Dawson can’t provide those details, and he can’t call any witnesses to his defence.
“They’re all dead,” he said. “All the kids I went to school with are dead now. They either drank themselves to death or were killed. My brother Gerald, my best witness, he was killed a few years back.”
Dawson never left his brother’s side at the school.
“He was my ears,” Dawson said. He means that literally: Dawson has trouble hearing.
“They thought I was retarded,” he said about his teachers at the mission school. “I could see their lips moving but I couldn’t understand what they were saying.”
He doesn’t remember if his hearing problems started before he attended the school, or whether they may have been caused by what he endured.
But Dawson can talk about his struggles since attending residential school. Like many of his schoolmates, alcoholism became an escape.
“If it wasn’t for my mom, I’d be dead,” he said.
Dawson eventually quit drinking to provide a better example for his own children, he said.

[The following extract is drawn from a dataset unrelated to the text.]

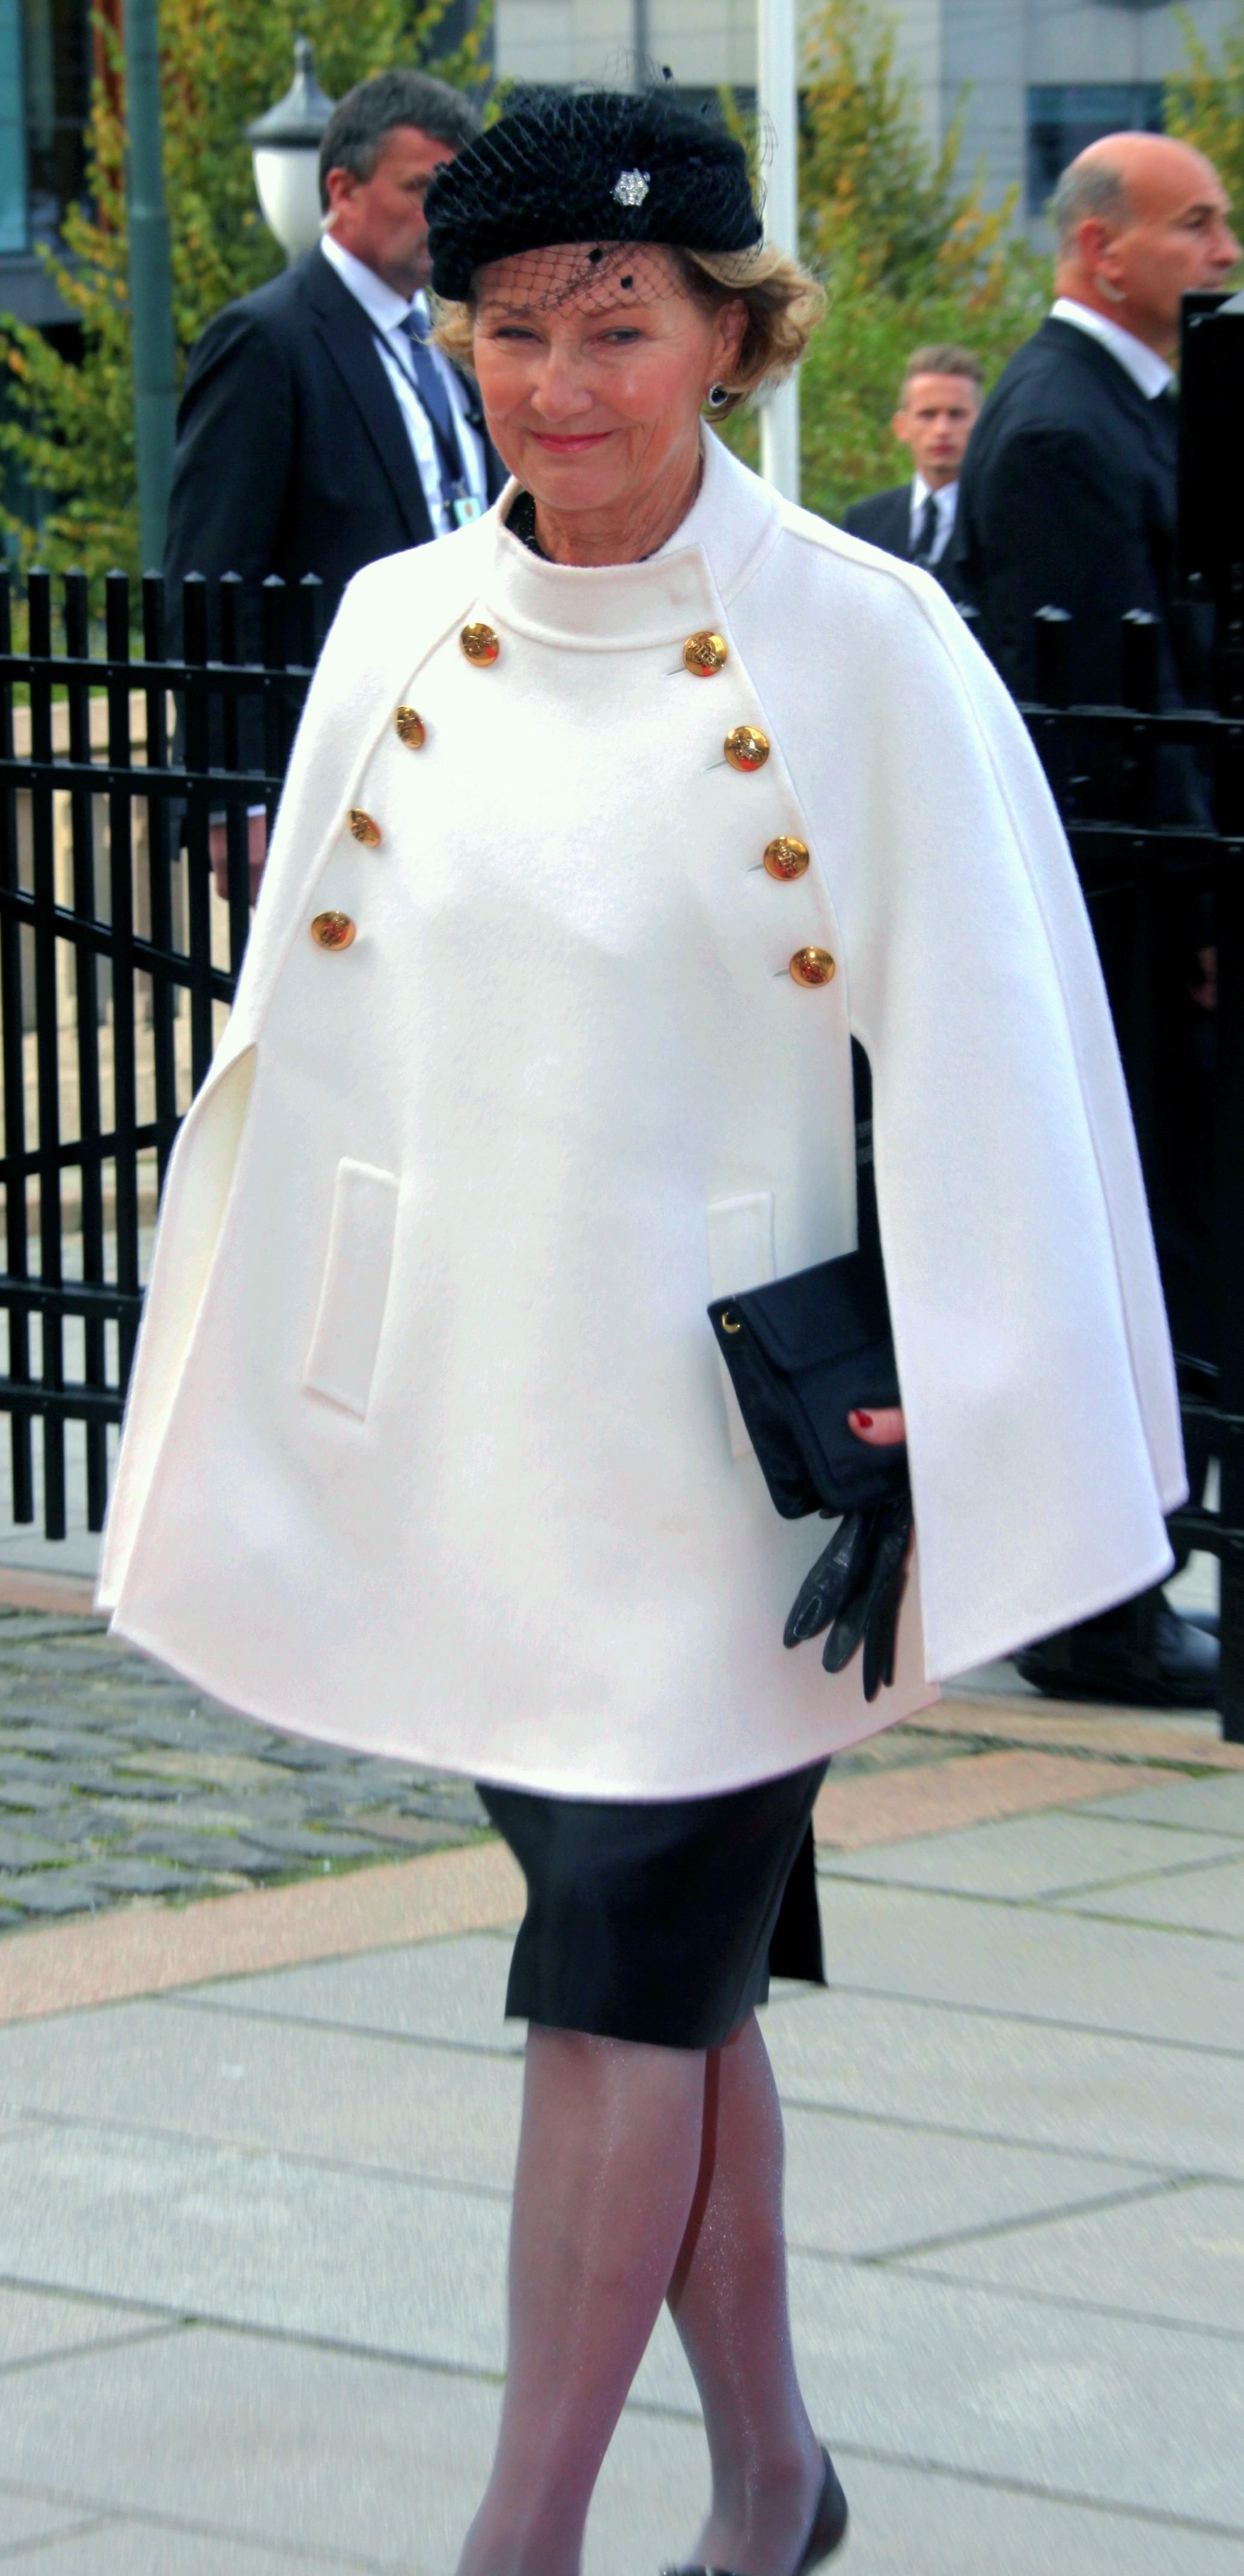 Sonja Haraldsen. Reina de Noruega - Página 11 Ste_the_opening__31294391-e1381333626606

And, following his father’s example, Dawson has always maintained a regular job. He remembers reserving Sundays to sober up for the week ahead, even when his drinking was at its worst.
Adulthood addictions and job loss are considered in the abuse-claim process, said Ish. And adjudicators incorporate plans for counselling and other supports when approving claims, which average about $105,000. The highest claim that has been awarded was for about $445,000.
But even without a claim, Dawson could be considered lucky.
Because he didn’t have to board at the school as a child, he enjoyed summers on the land, unlike so many other former students.
And, after about eight years, Dawson was given the rare opportunity to go to a public high school in Whitehorse. That was the first time anyone ever thought to test his hearing, he said.
“I went from hating school, to excelling in it. They found out I was a genius, eh?” he said with a laugh.
Dawson’s humour is what he’s known for – that and his ability to pluck a guitar.
“People see me around, they hear my jokes and listen to me play. But none of them know I’ve been through hell.
“They stole my childhood,” he said about the government.
And that is something Dawson said he can never forget.
The deadline for former students to submit an application for an abuse claim is Sept. 19. More than 25,000 claims are expected to be granted across Canada.